2. Nanoplasmonic tweezers combined to Raman spectroscopy to analyze nanometer size single EVs. This will allow to analyze single EVs with sizes below 200 nm. Indeed, when applied to nanomedicine, such achievements will provide for accurate and robust technique to analyze and characterize single EVs content and their interaction with cells, becoming a strong contribution to early detection of cancer disease and opening new opportunities to understand the role of EVs in intercellular communication.
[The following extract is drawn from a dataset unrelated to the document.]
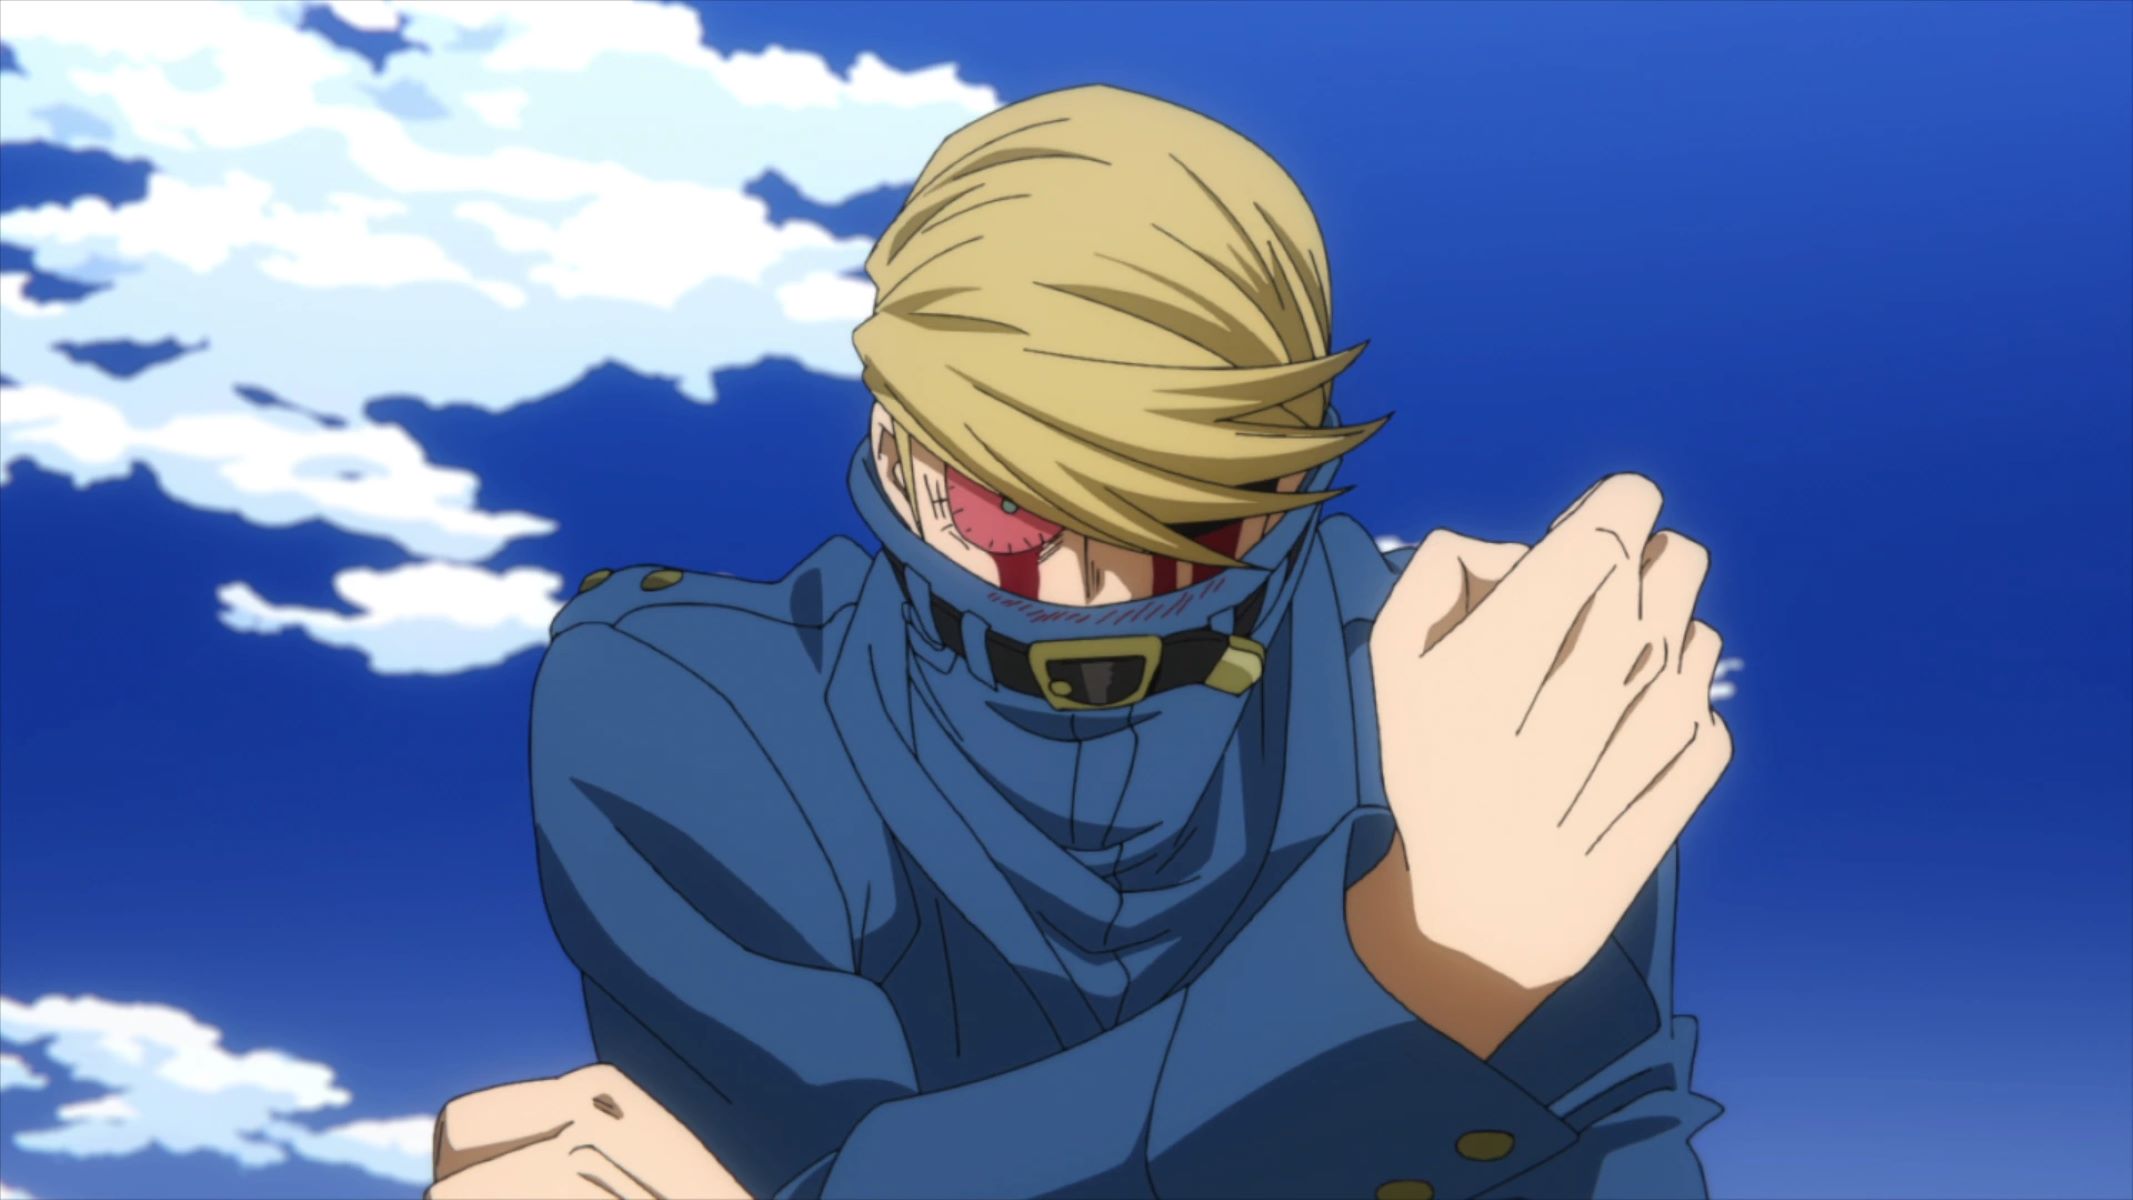 The Surprising Reason Behind Best Jeanist's Extraordinary Neck Length

I strongly believe that the proposed research activity can promote a fully integrated synergistic action between the National Research Council of Italy (optical tweezers microscopy and spectroscopy expertise; nanobiotechnology proficiency) and the Cixi Institute of Biomedical Engineering (nanoplasmonics, nanotechnology and biophysics proficiency), fulfilling the programmatic research lines identified by the CNITECH (e.g. Nanomaterials for Medicine and Life Sciences). This new perspective should encourage fruitful collaborations across the boundaries of conventional research areas, well in line with the interdisciplinary nature of the institute and more in general of the Chinese Academy of Sciences.